Speaking at a press conference at midnight Strasbourg time, May admitted her previous deal “was not strong enough”.

“Today we have secured legal changes. Now is the time to come together to back this improved Brexit deal and deliver on the instruction of the British people,” she said.

But Juncker had a stark warning that the EU would not shift its position any further if May lost the crunch vote.

“In politics sometimes you get a second chance. It’s important what you do with that second chance, because there will be no third chance,” he said.

Attorney General Geoffrey Cox is set to present his updated legal analysis of the new measures to MPs, just hours before the crunch parliamentary vote.

Central to the package was a fresh legal document to prevent the UK from being indefinitely linked to EU trade rules under the Northern Ireland ‘backstop’, an insurance policy aimed at preventing a return to a hard border with Ireland post-Brexit.

A ‘joint interpretive instrument’, plus tougher arbitration between London and Brussels on any future disputes, was agreed by both sides, May’s de facto deputy David Lidington told MPs.

The newest part of the plan was a ‘unilateral’ UK statement that would be made in the event that it wanted an exit from the backstop.

Lidington stressed that talks were still ongoing, but he announced that the PM and Brexit Secretary Steve Barclay “have secured legally binding changes that strengthen and improve” her Brexit deal.

Lidington announced that if the UK was not happy with the way the EU behaved it could “suspend” the backstop, a new form of words that could sway some Tory MPs. 

The 80-strong European Research Group (ERG) of backbench Conservative Brexiteers announced it would wait for its own team of lawyers to assess the plans before deciding whether to finally swing behind May and pass her deal.

ERG deputy chairman Steve Baker said the announcement appeared to fall “very short” of what was expected.

“Even by the government’s own standards this falls very far short of what [it] whipped us to vote for,” he told BBC Radio 4′s The World Tonight.

“It’s not for the first time that David [Lidington] has had to put a good gloss on something that falls short of what was expected.”

The DUP’s Westminster leader Nigel Dodds demanded to know when the ‘extremely important’ issue of a unilateral UK statement would be concluded. Lidington said he hoped the detail would  be concluded overnight at the latest.

The party said it would study the new documents carefully before coming to a judgment.

“We note the Prime Minister’s latest statement and update on our EU exit negotiations,” said a party spokesman.

May’s previous plans were defeated by a record 230 votes in January, forcing her to seek fresh compromises from Brussels.

If she loses the vote on Tuesday, MPs will be allowed to vote on the prospect of a no-deal exit on Wednesday.
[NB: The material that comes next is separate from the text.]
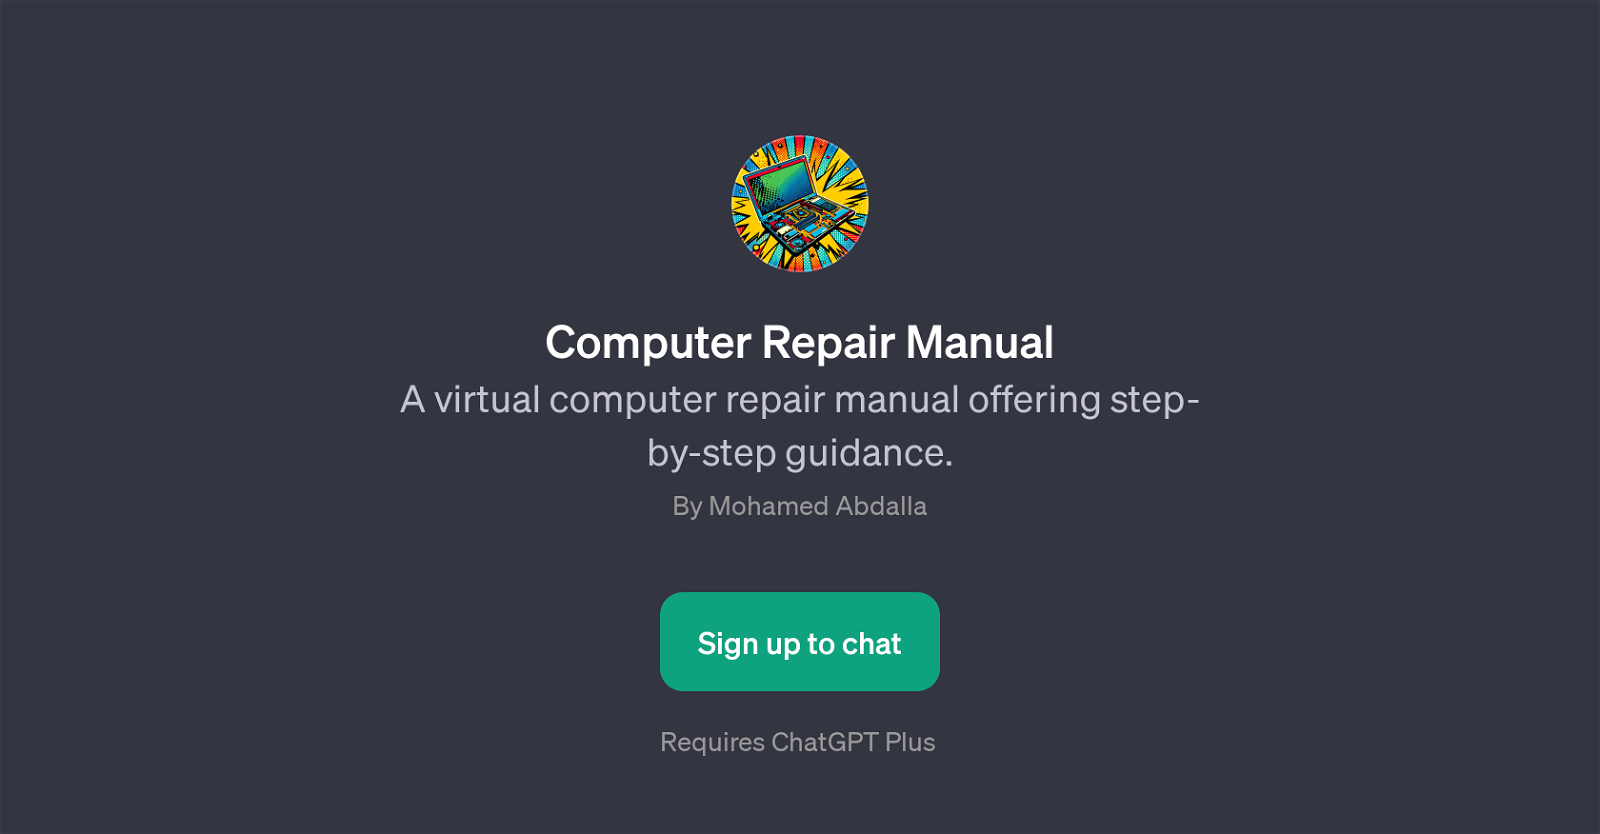 Computer Repair Manual website
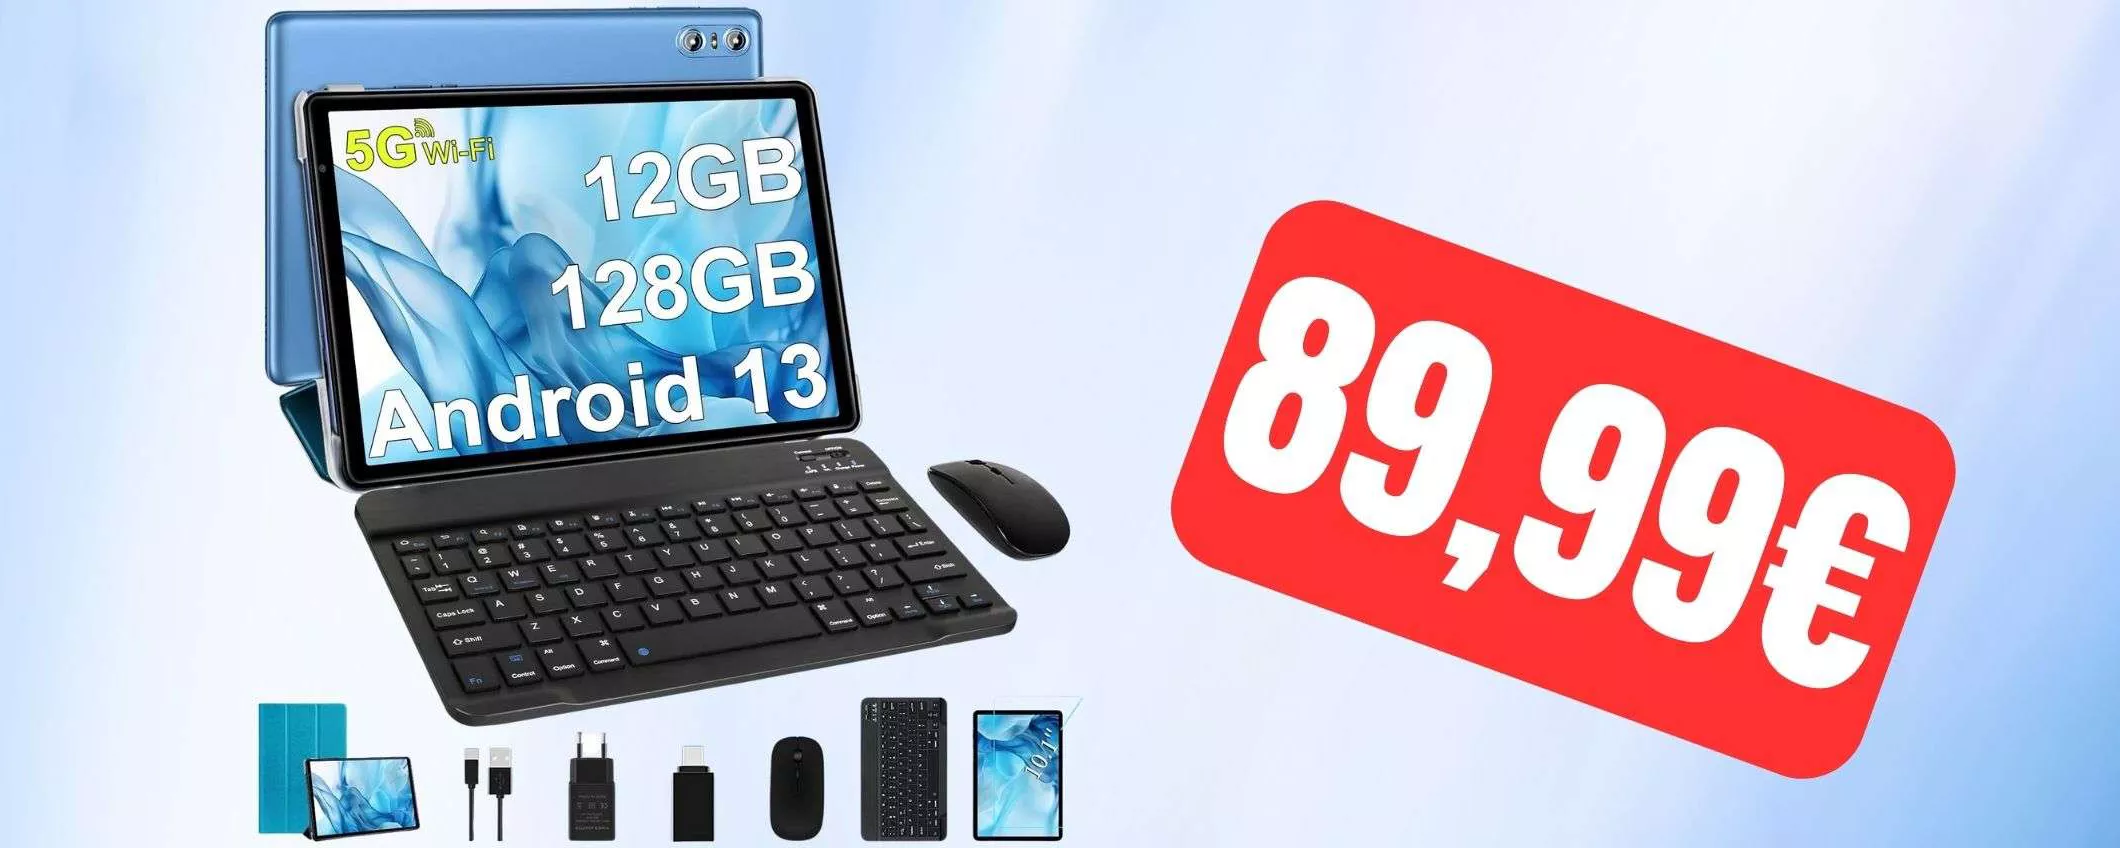 Questo tablet Android 13 ricco di accessori costa solo 89,99€ su Amazon

If that is in turn defeated, the Commons will vote on Thursday on whether to delay Brexit itself beyond the March 29 date scheduled so far.

Brussels diplomats believed they had struck a deal with May at the weekend but scepticism from Cox appeared to kill her plans to travel to Brussels on Sunday.

Former Tory leader Iain Duncan Smith told the BBC earlier that “there needs to be time to look at the legalities of this”.

Several Tory MPs suggested the Prime Minister postpones tomorrow’s vote by 24 hours to give the Commons more time to examine the changes to the Withdrawal Agreement.

Charlie Elphicke (Deal and Dover) said: “If it’s such a great deal, why the rush? Why bounce the House into a vote tomorrow?

“If it’s such a good deal why do we not take a few days to cogitate, reflect, look at the deal then come to the House and have the vote when we’ve gone across the detail and we have had that chance for full and frank consideration?”